Additionally, we can also change the parameter 'weight', with which closer neighbors will have a greater influence than neighbors further away.

**Note**: maybe don't use so many parameters next time, also you had already checked and seen that n_neighbors barely does something, so you could've left that out. 

In [None]:
from sklearn.model_selection import GridSearchCV


# Warning!!!!! this cell will run for a significant amount of time
# Will train 24 models 
param_grid = {'weights':['uniform','distance'],'p':[1,2]}
grid_search = GridSearchCV(knn_clf,param_grid, cv=3)
cv_results = grid_search.fit(X_train, y_train).cv_results_
cv_df = pd.DataFrame(cv_results)

In [None]:
print(cv_df)

# Further data transformations

Let us explore other means to augment our data.
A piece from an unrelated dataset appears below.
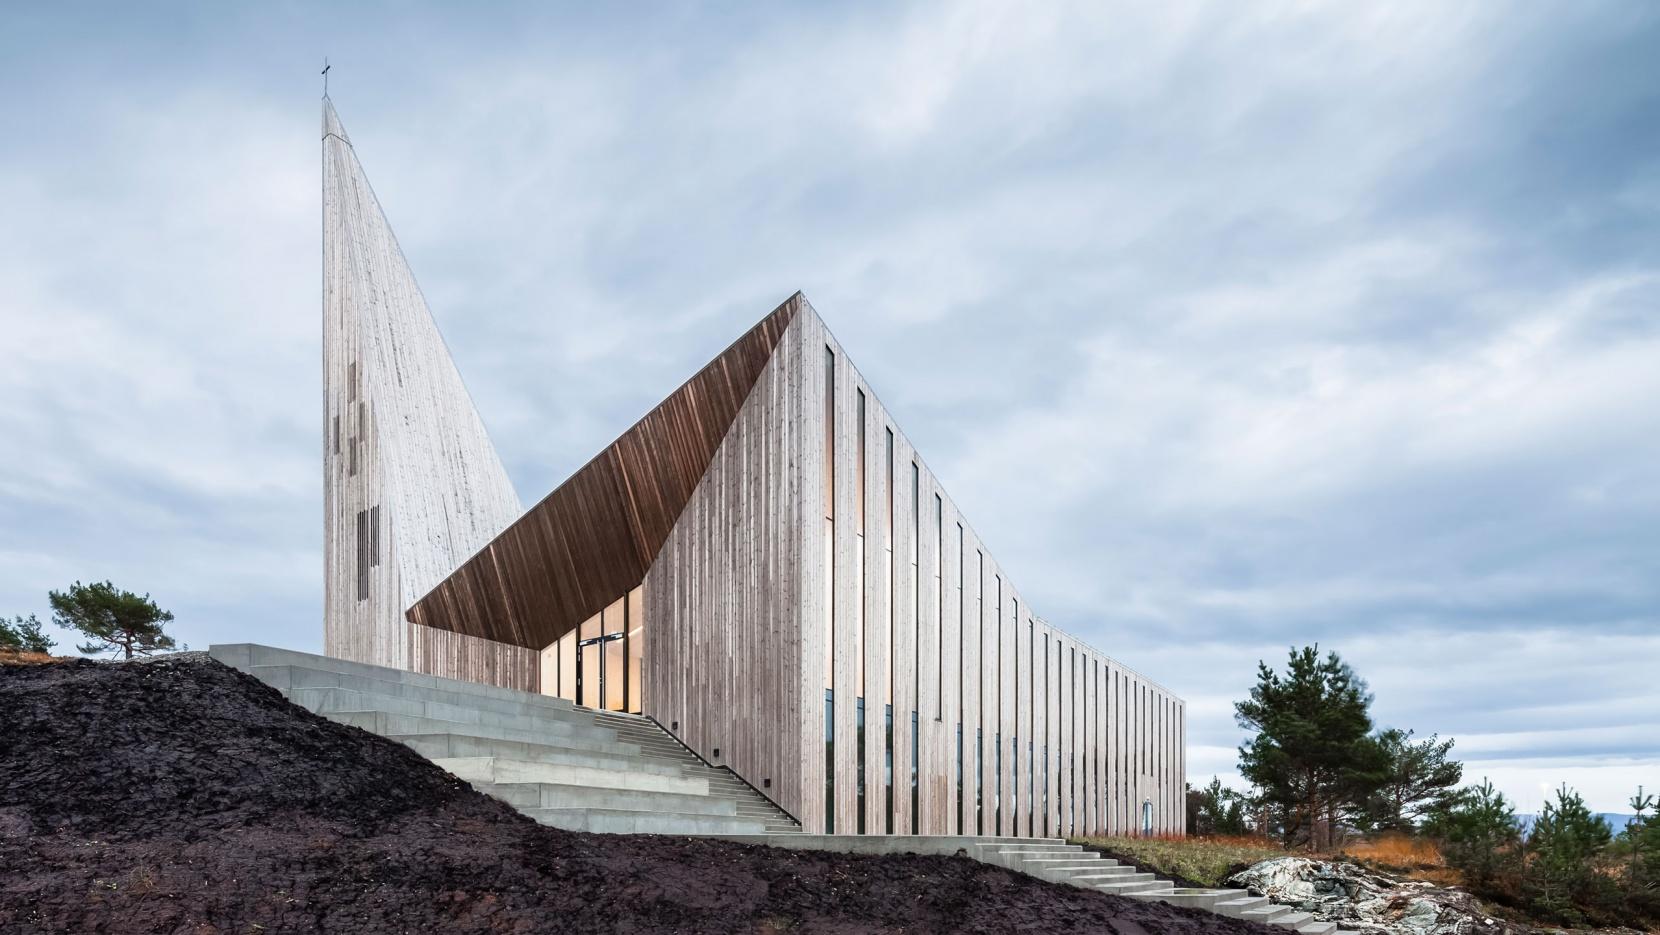 Knarvik Church A Futuristic Interpretation Of The Traditional

As to make our model less reliant on the position of certain pixels and instead to generalise away from that, we can shift the image in the x and y axes (as recommended by Geron) and add this to our dataset. This is a relatively expensive transformation as far as I can tell, running in O(n^2).

In [None]:
def shift_image(image: np.array,x_direction:None, y_direction:None):
    image = image.reshape(28,28)
    if x_direction:
        image_dup = image.copy()
        for row in range(0,28):
            image_dup[row] = image[(row+x_direction) % 28]
        image = image_dup
    if y_direction:
        image_dup = image.copy()
        for col in range(0,28):
            image_dup = image.copy()
            image_dup[:,row] = image[(row+y_direction) % 28] 
        image = image_dup
    return image.reshape(,784)

Higher accuracy, eureka! But does this behaviour generise to the train set without modifications or the validation set?